▶ [EXERCISE AIM]
Transcribe the listing exactly, skipping every picture.
===== DATA EXCERPT =====
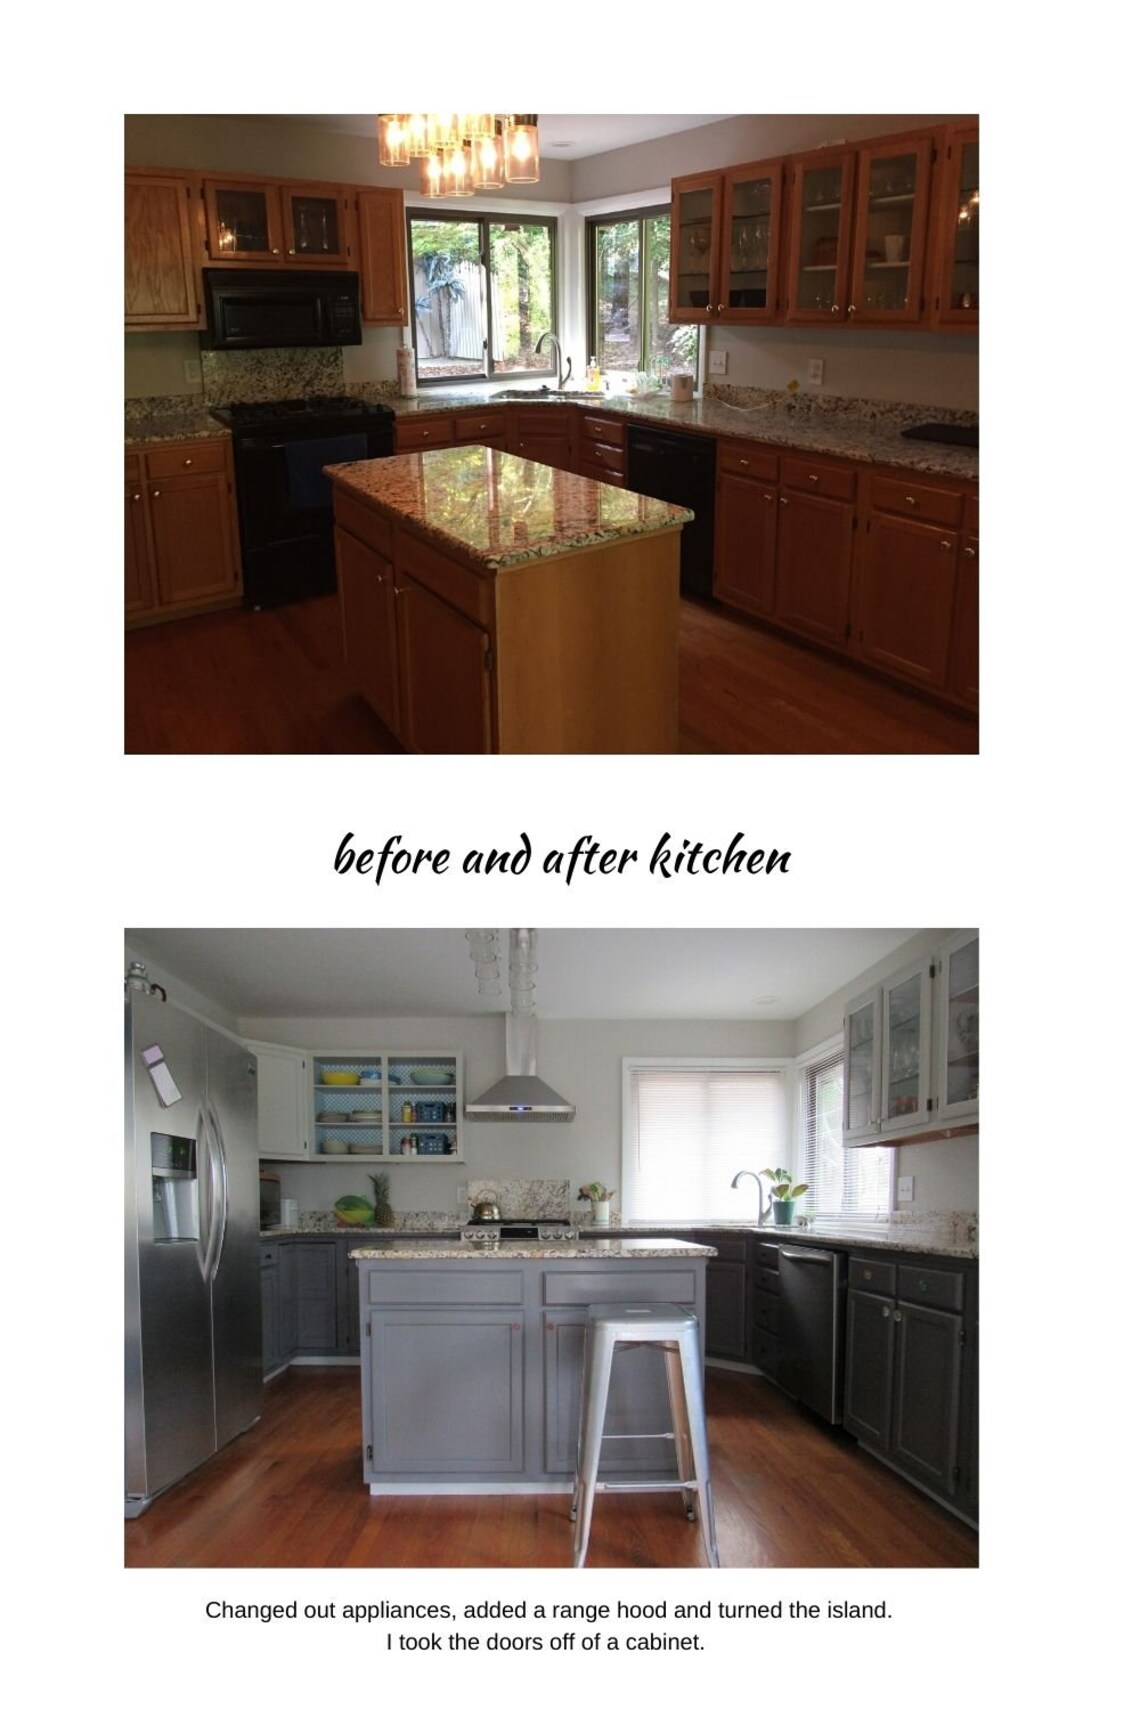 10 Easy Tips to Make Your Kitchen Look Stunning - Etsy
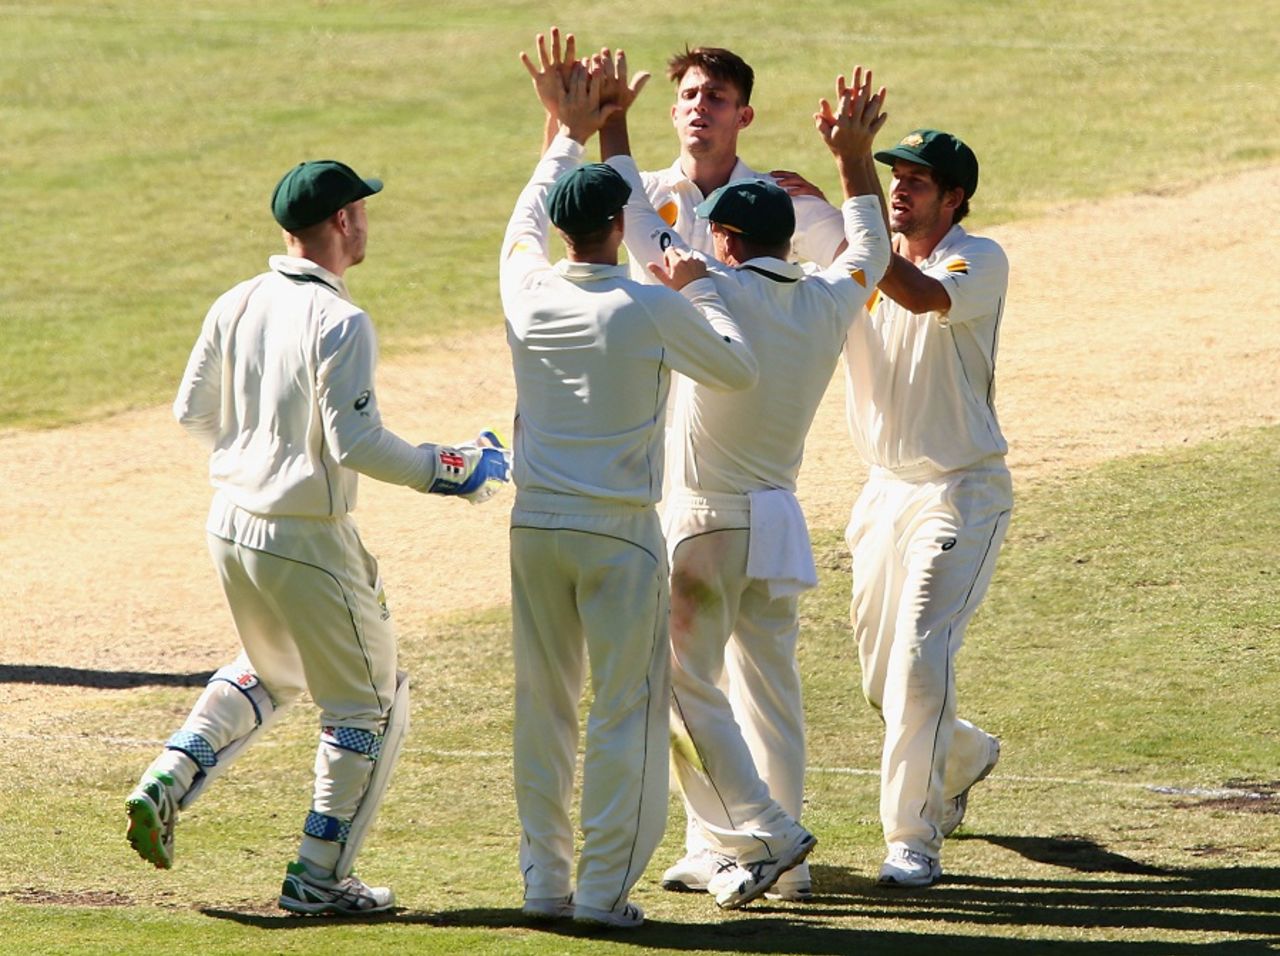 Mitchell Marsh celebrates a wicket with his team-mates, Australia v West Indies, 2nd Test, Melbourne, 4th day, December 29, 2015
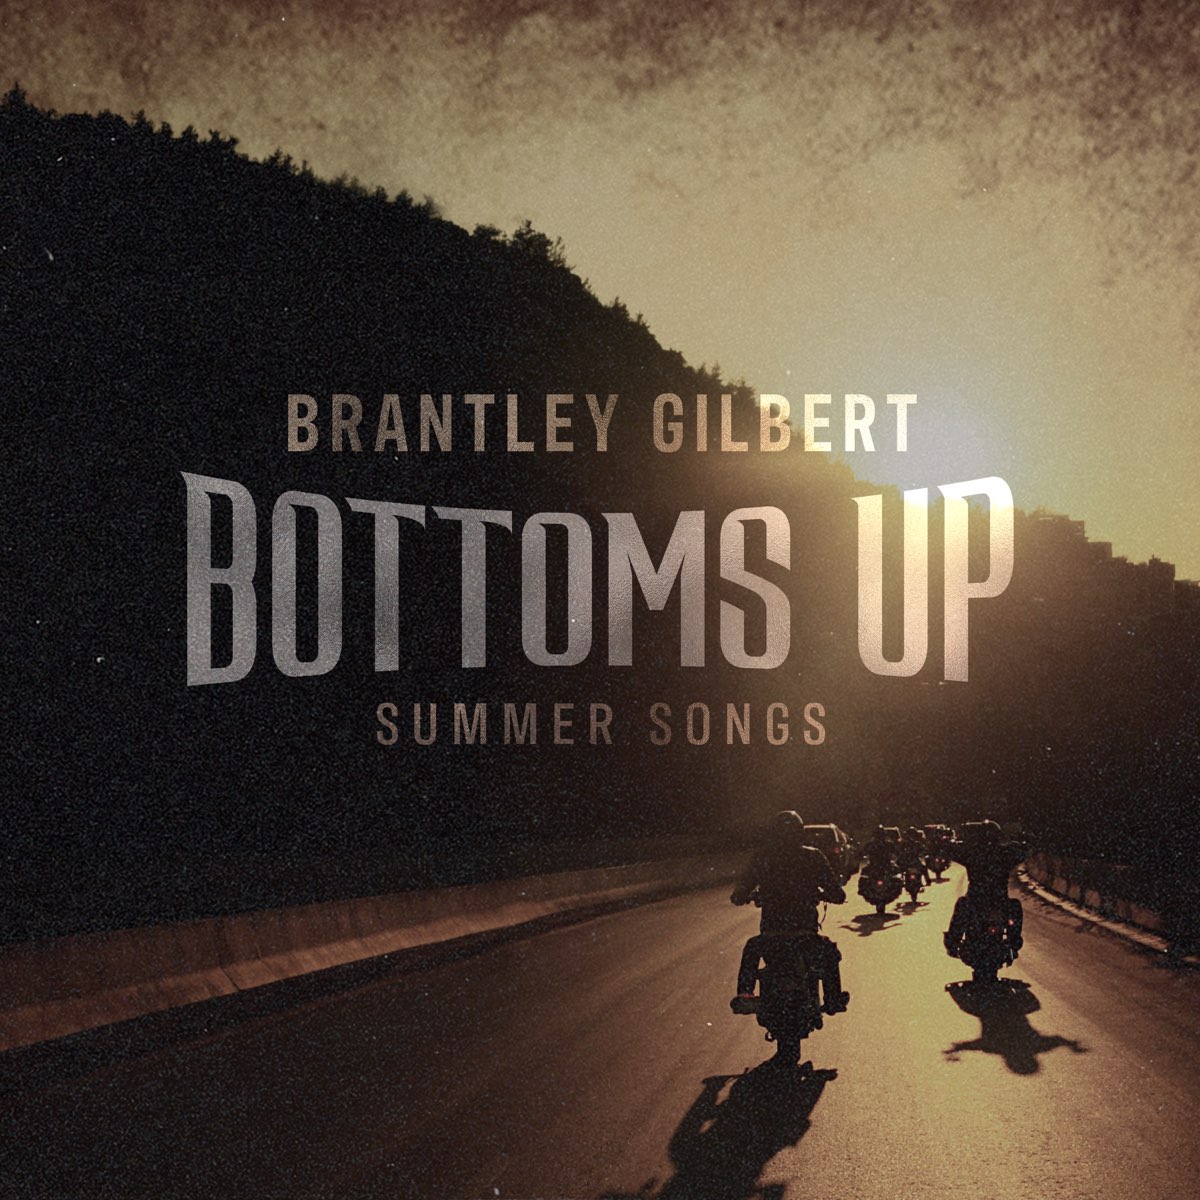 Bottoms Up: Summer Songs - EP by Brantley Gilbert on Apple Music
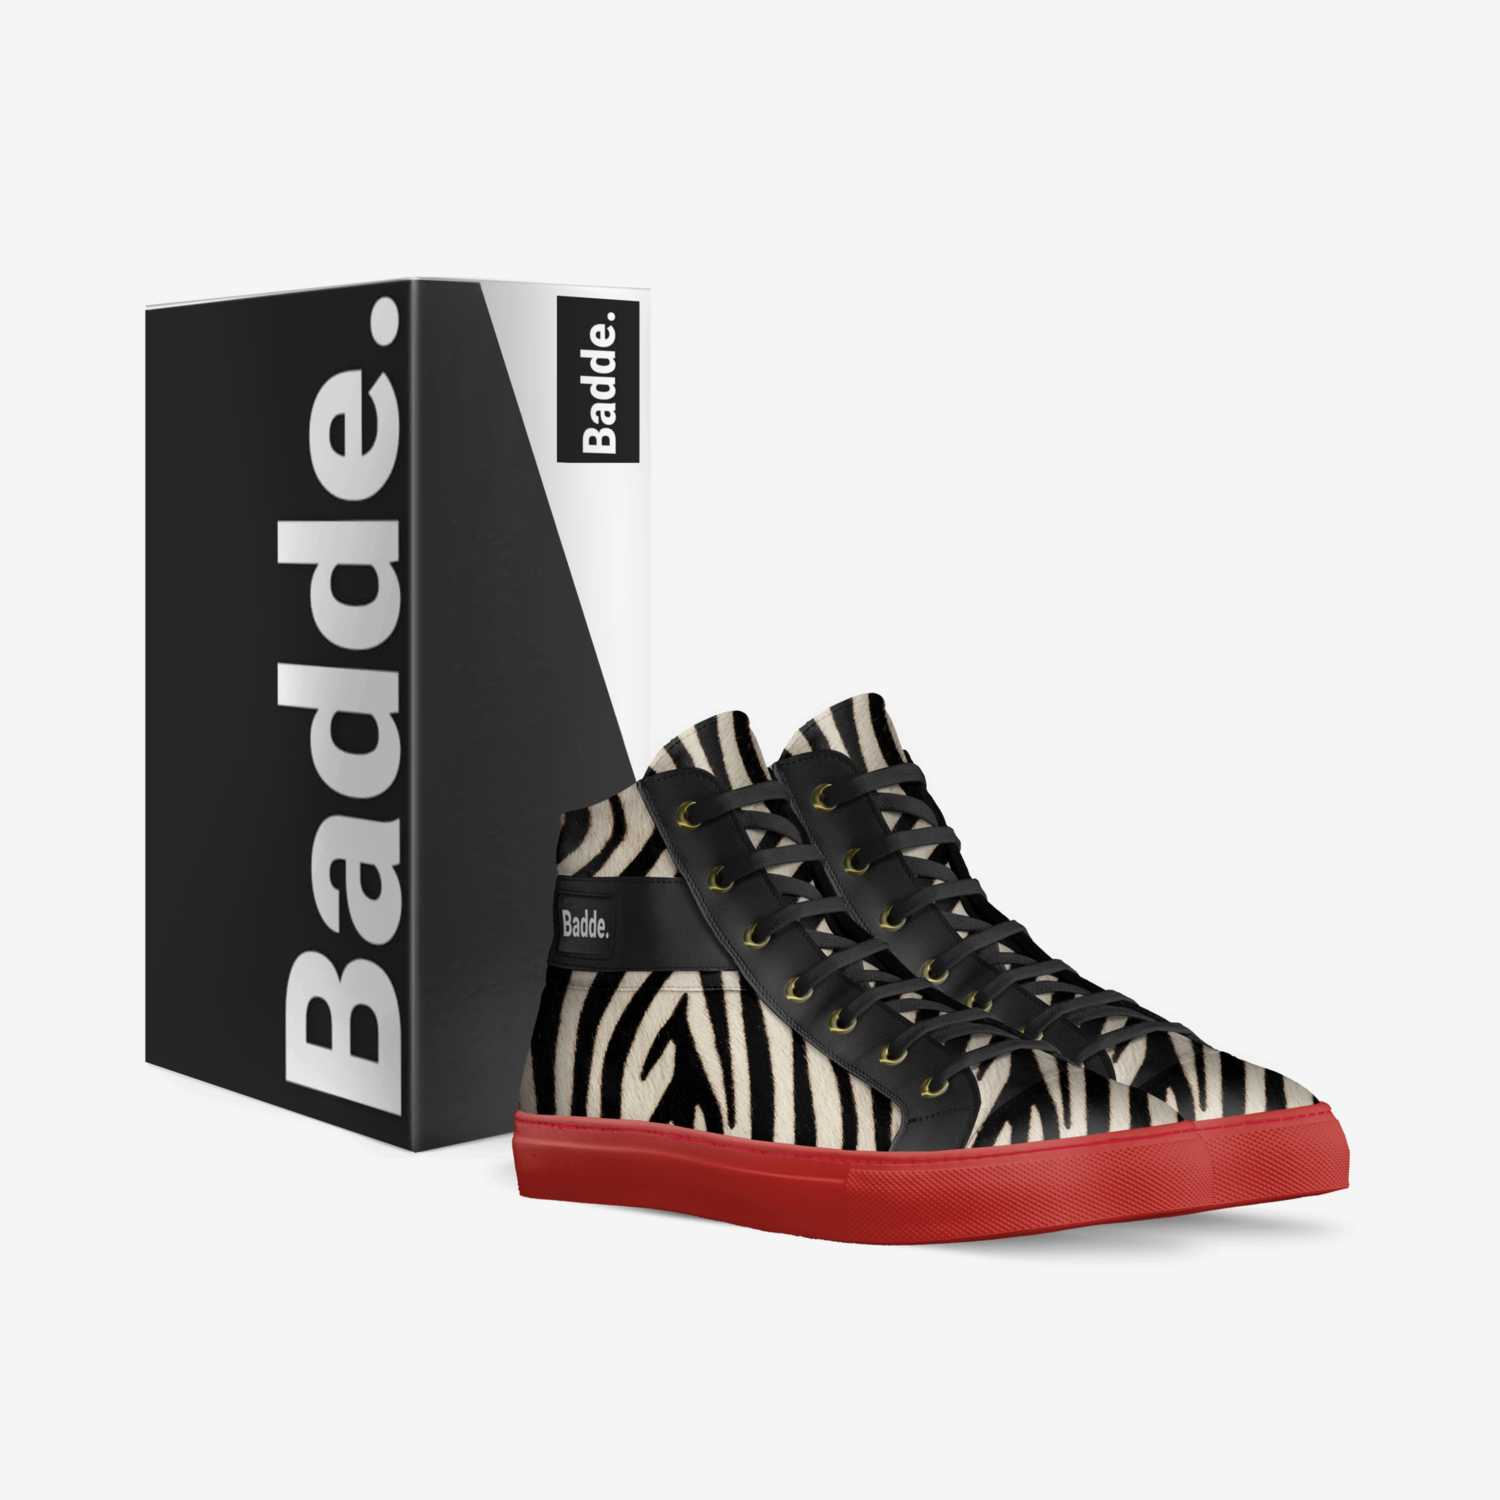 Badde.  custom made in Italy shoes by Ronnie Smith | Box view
=====
▶ [ANSWER TO THIS PROBLEM]
 10 Easy Tips to Make Your Kitchen Look Stunning - Etsy
 Mitchell Marsh celebrates a wicket with his team-mates, Australia v West Indies, 2nd Test, Melbourne, 4th day, December 29, 2015
 Bottoms Up: Summer Songs - EP by Brantley Gilbert on Apple Music
 Badde.  custom made in Italy shoes by Ronnie Smith | Box view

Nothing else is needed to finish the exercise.